Qual è il tuo pensiero su un’ipotetica ripresa?
«Logicamente la mia speranza è che si riparta, ovviamente con le dovute garanzie in termini di controlli e di aiuti economici della Figc per l’esecuzione dei tamponi. Se invece si dovesse riprendere giusto per l’obbligo di farlo, ovvero senza retrocessioni e senza playoff, il campionato diventerebbe una farsa: molti farebbero giocare la juniores, risparmiando soldi e tanti saluti. Da parte nostra siamo pronti per una ripresa: continuiamo ad allenarci in campo una volta a settimana, facciamo una seduta di cross-fit in videochiamata di gruppo (ognuno a casa sua) con il preparatore atletico Massimo Gurian e un’ulteriore seduta individuale preparata dal mister».
A 40 anni, e da neopapà, stai pensando di smettere?
«Dipende da come finisce questa stagione. Dopo 23 anni di prima squadra, il minimo di “premio” che mi voglio concedere è un’ultima partita ufficiale al Comunale con la fascia di capitano al braccio e con il pubblico sugli spalti. Sarebbe bellissimo chiudere con una foto a fine partita con mia figlia in braccio davanti alla curva degli ultras: un ricordo che resterebbe indelebile nella mia testa e nel mio cuore. Se ci riuscirò già in questa stagione, allora valuterò se continuare o meno: altrimenti sarà per la prossima. Di certo non ho alcuna intenzione di chiudere la “carriera” senza aver disputato un’ultima gara con la fascia al braccio, nel nostro stadio e davanti alla nostra gente».

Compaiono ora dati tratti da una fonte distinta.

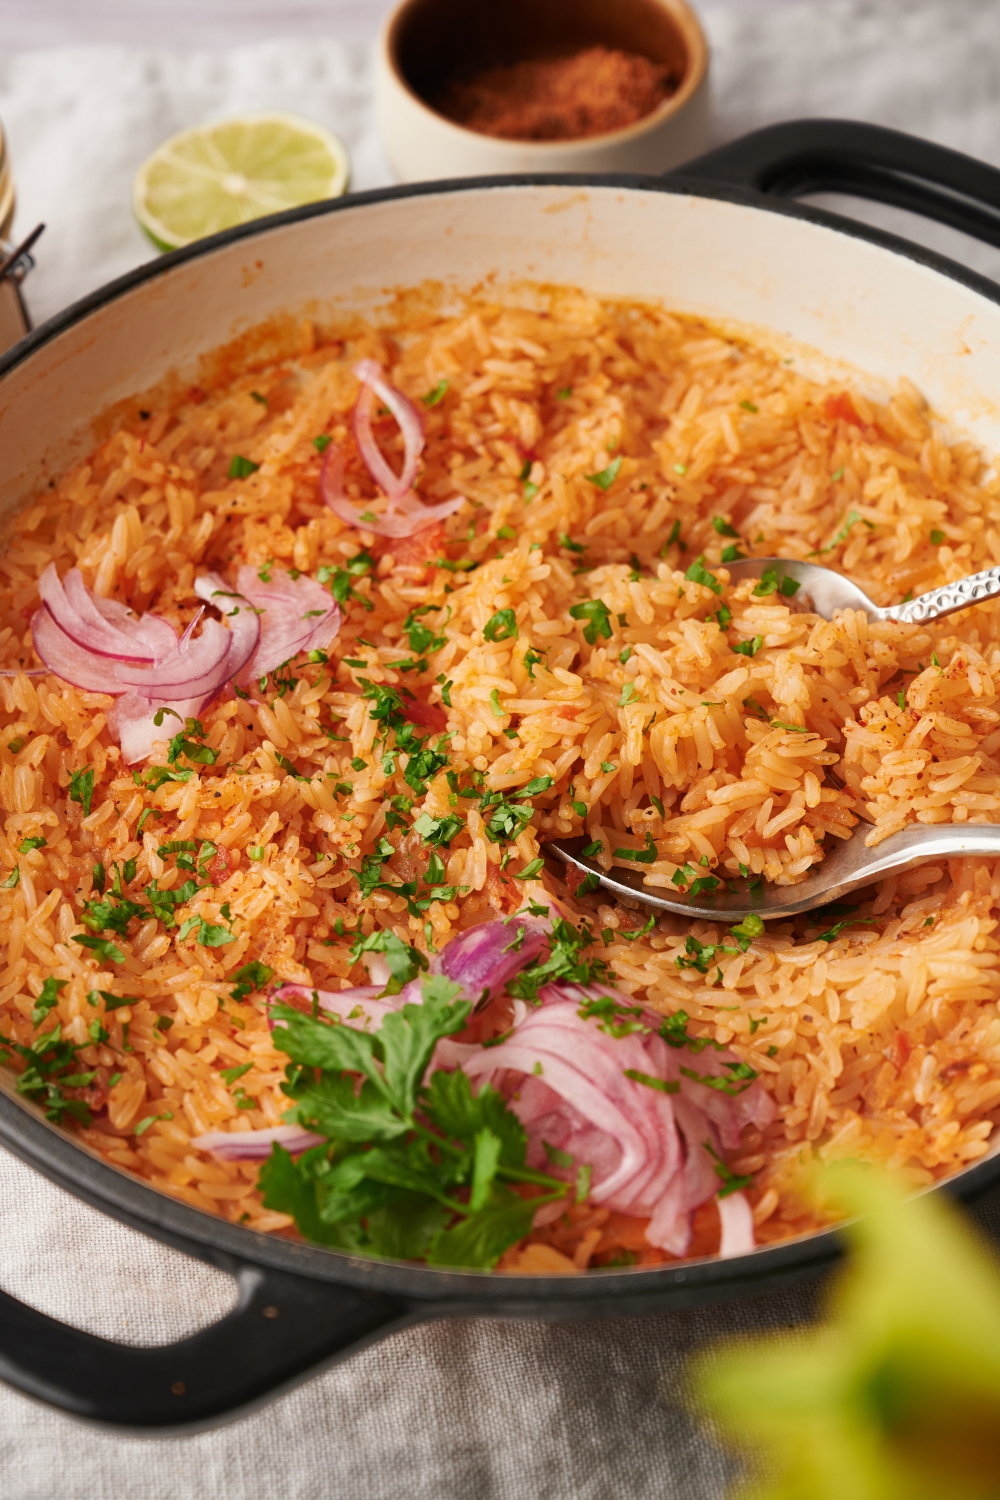 A large white pot is full of arroz rojo. Serving utensils are resting in the pot. Red onion and cilantro are garnishing the dish.

Tra gli attuali compagni di squadra, vedi un tuo possibile erede?
«Diciamo che il futuro capitano del Monselice raccoglierà un’eredità importante, visto che chi l’ha preceduto ha rifondato questa società. Portare la fascia non si limita alla foto della domenica: significa amore per la maglia, amore per la piazza, amore per la società e per i colori, tenere i rapporti con la piazza e saper ascoltare i tifosi, sia nel bene che soprattutto nel male. In quel caso è fondamentale metterci la faccia e fare da scudo ai compagni, perché la piazza di Monselice non è semplice da gestire quando le cose non vanno per il meglio. Qui da noi non è come nelle altre squadre: sono gli atteggiamenti e i valori a fare la differenza. In tal senso una persona che sto “osservando” con interesse è Francesco Menesello: è molto diverso da me, visto il carattere schivo e introverso, ma è pur sempre un giovane di 22 anni che sta dimostrando un attaccamento incredibile. È un ragazzo serio, che ci tiene: un ragazzo estremamente umile, che ha sempre accettato consigli e rimproveri e che non ha mai detto una parola fuori posto. In più è di Monselice, cosa che reputo fondamentale per chi indossa la fascia: conosce la piazza e la storia, sente e vive il “termometro” dei tifosi. Sta pure facendo il mio stesso percorso, perché oltre a fare bene in prima squadra è anche allenatore del settore giovanile. Se oggi dovessi puntare su qualcuno, sarebbe senz’altro lui».